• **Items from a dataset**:
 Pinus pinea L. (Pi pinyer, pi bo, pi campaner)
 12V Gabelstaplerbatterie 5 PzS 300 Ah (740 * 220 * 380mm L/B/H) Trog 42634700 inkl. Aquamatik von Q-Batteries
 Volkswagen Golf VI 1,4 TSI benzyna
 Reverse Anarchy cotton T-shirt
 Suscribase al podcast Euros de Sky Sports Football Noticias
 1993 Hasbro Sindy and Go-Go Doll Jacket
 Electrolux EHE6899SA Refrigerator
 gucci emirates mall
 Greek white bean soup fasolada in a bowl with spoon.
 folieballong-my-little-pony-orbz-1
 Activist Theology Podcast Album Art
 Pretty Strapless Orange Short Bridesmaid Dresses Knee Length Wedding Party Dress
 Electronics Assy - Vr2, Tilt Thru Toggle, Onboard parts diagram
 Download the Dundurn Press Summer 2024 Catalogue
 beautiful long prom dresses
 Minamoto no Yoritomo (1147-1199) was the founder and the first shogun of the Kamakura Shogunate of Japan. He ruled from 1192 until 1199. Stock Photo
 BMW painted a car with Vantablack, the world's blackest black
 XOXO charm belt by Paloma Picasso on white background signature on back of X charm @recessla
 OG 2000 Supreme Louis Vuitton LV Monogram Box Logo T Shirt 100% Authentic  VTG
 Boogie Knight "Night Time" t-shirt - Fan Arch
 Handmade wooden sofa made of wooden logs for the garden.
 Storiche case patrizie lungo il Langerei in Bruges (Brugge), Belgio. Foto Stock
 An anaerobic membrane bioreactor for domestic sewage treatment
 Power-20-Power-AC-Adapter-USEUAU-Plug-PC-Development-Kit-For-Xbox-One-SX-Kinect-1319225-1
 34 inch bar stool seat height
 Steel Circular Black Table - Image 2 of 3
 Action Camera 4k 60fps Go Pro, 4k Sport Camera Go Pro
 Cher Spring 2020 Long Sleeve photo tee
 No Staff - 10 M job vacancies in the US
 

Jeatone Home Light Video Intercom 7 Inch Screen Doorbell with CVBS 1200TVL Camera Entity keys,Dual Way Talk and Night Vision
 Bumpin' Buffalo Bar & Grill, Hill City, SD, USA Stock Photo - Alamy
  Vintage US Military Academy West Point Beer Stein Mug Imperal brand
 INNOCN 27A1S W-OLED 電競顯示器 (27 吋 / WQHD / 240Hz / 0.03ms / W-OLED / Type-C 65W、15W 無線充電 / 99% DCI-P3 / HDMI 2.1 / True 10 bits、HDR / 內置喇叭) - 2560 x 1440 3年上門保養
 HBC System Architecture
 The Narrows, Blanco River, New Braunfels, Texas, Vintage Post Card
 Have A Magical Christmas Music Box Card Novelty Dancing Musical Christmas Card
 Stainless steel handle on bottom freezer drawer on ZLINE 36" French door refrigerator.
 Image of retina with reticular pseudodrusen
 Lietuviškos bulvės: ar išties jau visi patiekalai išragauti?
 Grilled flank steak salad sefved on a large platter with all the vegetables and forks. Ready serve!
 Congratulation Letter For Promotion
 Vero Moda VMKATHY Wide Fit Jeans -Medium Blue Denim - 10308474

• **Aim of the task**:
Line by line, output the records exactly as given.

• **Answer for the task**:
 Pinus pinea L. (Pi pinyer, pi bo, pi campaner)
 12V Gabelstaplerbatterie 5 PzS 300 Ah (740 * 220 * 380mm L/B/H) Trog 42634700 inkl. Aquamatik von Q-Batteries
 Volkswagen Golf VI 1,4 TSI benzyna
 Reverse Anarchy cotton T-shirt
 Suscribase al podcast Euros de Sky Sports Football Noticias
 1993 Hasbro Sindy and Go-Go Doll Jacket
 Electrolux EHE6899SA Refrigerator
 gucci emirates mall
 Greek white bean soup fasolada in a bowl with spoon.
 folieballong-my-little-pony-orbz-1
 Activist Theology Podcast Album Art
 Pretty Strapless Orange Short Bridesmaid Dresses Knee Length Wedding Party Dress
 Electronics Assy - Vr2, Tilt Thru Toggle, Onboard parts diagram
 Download the Dundurn Press Summer 2024 Catalogue
 beautiful long prom dresses
 Minamoto no Yoritomo (1147-1199) was the founder and the first shogun of the Kamakura Shogunate of Japan. He ruled from 1192 until 1199. Stock Photo
 BMW painted a car with Vantablack, the world's blackest black
 XOXO charm belt by Paloma Picasso on white background signature on back of X charm @recessla
 OG 2000 Supreme Louis Vuitton LV Monogram Box Logo T Shirt 100% Authentic  VTG
 Boogie Knight "Night Time" t-shirt - Fan Arch
 Handmade wooden sofa made of wooden logs for the garden.
 Storiche case patrizie lungo il Langerei in Bruges (Brugge), Belgio. Foto Stock
 An anaerobic membrane bioreactor for domestic sewage treatment
 Power-20-Power-AC-Adapter-USEUAU-Plug-PC-Development-Kit-For-Xbox-One-SX-Kinect-1319225-1
 34 inch bar stool seat height
 Steel Circular Black Table - Image 2 of 3
 Action Camera 4k 60fps Go Pro, 4k Sport Camera Go Pro
 Cher Spring 2020 Long Sleeve photo tee
 No Staff - 10 M job vacancies in the US
 

Jeatone Home Light Video Intercom 7 Inch Screen Doorbell with CVBS 1200TVL Camera Entity keys,Dual Way Talk and Night Vision
 Bumpin' Buffalo Bar & Grill, Hill City, SD, USA Stock Photo - Alamy
  Vintage US Military Academy West Point Beer Stein Mug Imperal brand
 INNOCN 27A1S W-OLED 電競顯示器 (27 吋 / WQHD / 240Hz / 0.03ms / W-OLED / Type-C 65W、15W 無線充電 / 99% DCI-P3 / HDMI 2.1 / True 10 bits、HDR / 內置喇叭) - 2560 x 1440 3年上門保養
 HBC System Architecture
 The Narrows, Blanco River, New Braunfels, Texas, Vintage Post Card
 Have A Magical Christmas Music Box Card Novelty Dancing Musical Christmas Card
 Stainless steel handle on bottom freezer drawer on ZLINE 36" French door refrigerator.
 Image of retina with reticular pseudodrusen
 Lietuviškos bulvės: ar išties jau visi patiekalai išragauti?
 Grilled flank steak salad sefved on a large platter with all the vegetables and forks. Ready serve!
 Congratulation Letter For Promotion
 Vero Moda VMKATHY Wide Fit Jeans -Medium Blue Denim - 10308474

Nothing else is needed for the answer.